Ein Forstweg, perfekt! Meine Motivation steigt, ich stapfe los. Nach ein paar Kurven eröffnet sich, hinter einem kleinen Tunnel, der unter der einen Piste durchgeht, wieder eine Skipiste.
Diese war allerdings recht leer und nicht mehr steil. Ich höre das Rattern der Seilbahn und freue mich. An manch einer Stelle der Wanderung habe ich ans Umkehren gedacht. Meine Erkenntnis des Tages ist, dass eben nicht jeder Wanderweg auch im Winter zu gehen ist. Der Kaiserschmarrn im Helmrestaurant an der Seilbahnstation, auf 2050m, war absolut nicht der beste, aber nach der Tour, hat er heute besonders geschmeckt!



der Link zur Tour :Aufstieg in Sesto
Tag 3 – Schneeschuhwanderung durch das Fischleintal zu den Drei Zinnen
Die Gebirgsgruppe ist die nordöstlichste Gebirgsgruppe in den Sextner Dolomiten. Die Drei Zinnen mit ihrer unverkennbaren Form bestehen aus der Großen Zinne (2.999 m) in der Mitte, der Kleinen Zinne (2.857 m) und der Westlichen Zinne (2.973m). Die Tre Cime sind das Wahrzeichen der Sextner Dolomiten im Hochpustertal.
Das ist Grund genug, dass ich dorthin muss. Passenderweise bietet die Alpinschule Freitags eine geführte Schneeschuhwanderung zur Dreizinnenhütte an. Wir treffen am Ende des Fischleintals wieder Mirco, den Bergführer und wieder sind wir sechs Teilnehmende, quasi eine Privattour. Dieses Mal bekommt jeder noch ein Lawinensuchgerät, das gehört zur Pflichtausstattung und wir testen es am Beginn der Tour. Das erste Stück gehen wir noch normal, der Weg ist nur steinig und wenig vereist. Wir starten mit den Schneeschuhen an der Talschlusshütte, hier ist auch diese kleine Station, an der wir jeder einmal das Gerät vorbeitragen, um sicher zu sein, dass es funktioniert. Es gehört am Körper getragen und hilft im Fall einer Verschüttung durch eine Lawine, die Person zu orten.

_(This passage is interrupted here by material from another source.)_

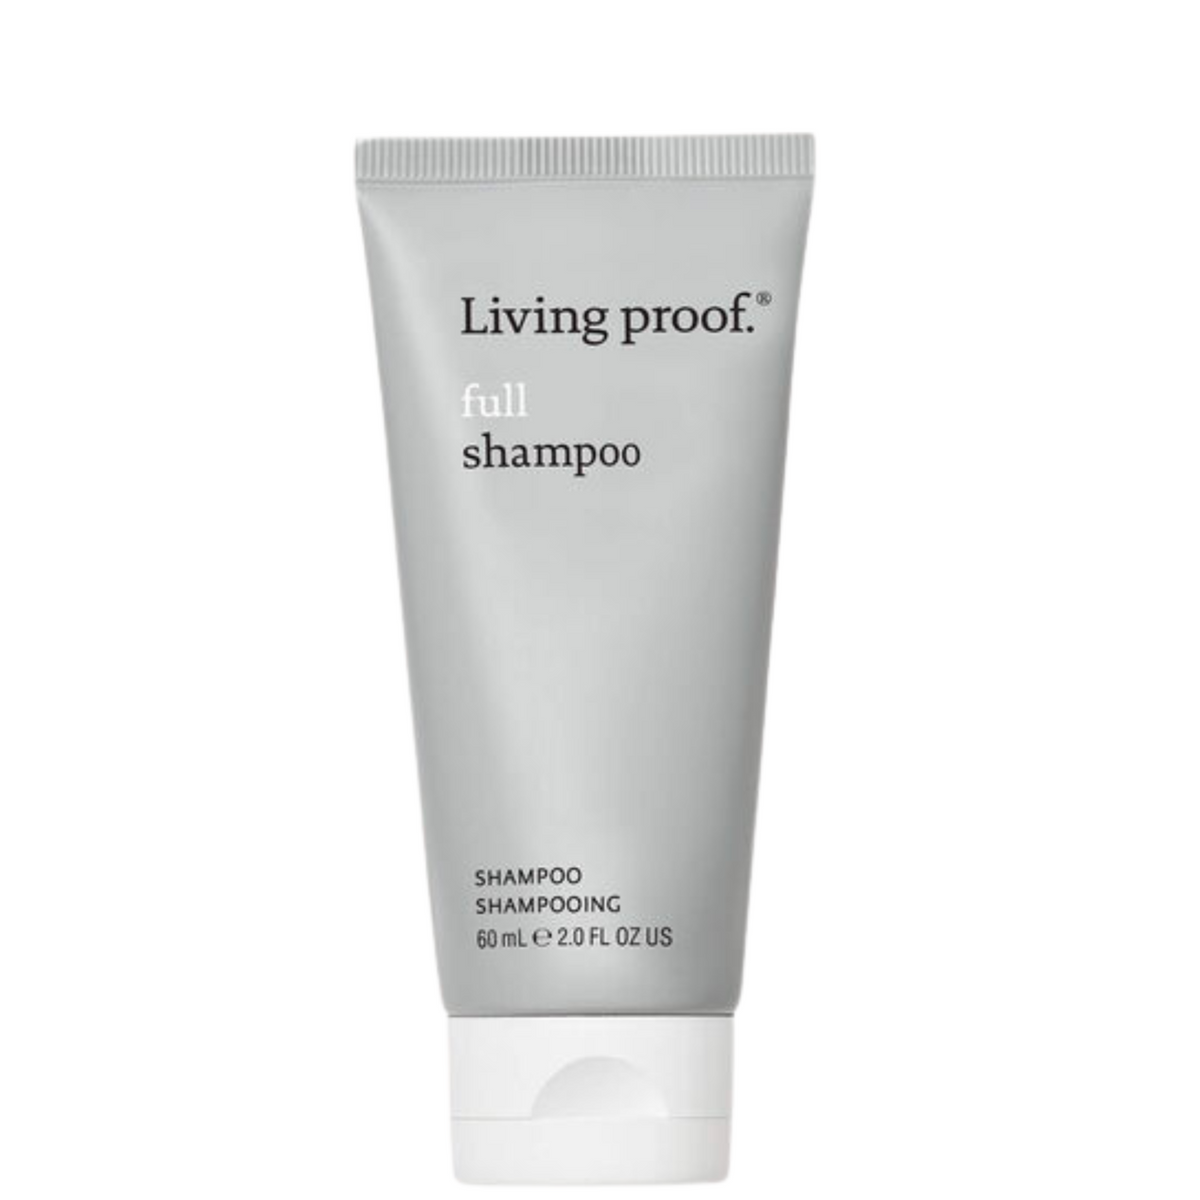 Living Proof® Full Shampoo, 2 oz / 60 mL

Das erste Stück geht seicht bergan, es ist noch sehr wolkig. Der Schnee ist gut ausgetreten, so dass wir gut stapfen können. Nach kurzer Gehzeit stellen wir die Steighilfen der Schneeshuhe auf, es ist Zeit zum Hochsteigen. Wir sind allein auf dem Weg und sehen nur einige Fußstapfen vorheriger Wanderer. Die Tour ist normalerweise stark frequentiert. Linker Hand schauen wir auf die Cima Una mit 2698m , Crode Fiscaline 2675m und den Monte Paterno Die Drei Zinnen bekommen wir erst später zu sehen.

Ein gefrorerer Wasserfall scheint fast blau und zieht mich in den Bann. Eigentlich kann ich kaum aufhören zu staunen. Trotz des bedeckten Himmels kommt ab und an die Sonne durch, jedes Mal erscheinen die Berge in anderem Licht und faszinieren mich.
Gute 100HM, 40min Gehzeit, vor der Dreizinnenhütte, A Locatelli, auf 2450m, wird der Schnee wieder weicher und wir sacken teifer ein. Das Ziel vor Augen, ist es dieses Mal nicht so schlimm. Wir kommen an, schnallen die Schneeschuhe ab und suchen uns ein geschütztes Plätzchen unter dem Hüttendach. Die Hütte ist nur im Sommer bewirtschaftet. Die Tre Cime liegen in den Wolken und wollen sich noch nicht zeigen.



Für mein Wandertagebuch finde ich den Stempelkasten, der leider leer ist. Mir fehlen die Worte, wie kann man nur einen Hüttenstempel klauen und damit so vielen anderen den Stempel in ihrem Buch verwehren. Ich drehe mich um, packe mein Brötchen aus und die Wolken lichten sich. Ganz langsam zeigen sich die Drei Zinnen! Was für ein Glück! Wir sind überglücklich und nutzen gleich die Chance, diesen Moment mit Fotos festzuhalten. Die Stimmung ist fast mystisch und ganz besonders. Wir sind die einzigen Gäste in diesem Moment, die vor Ort sind.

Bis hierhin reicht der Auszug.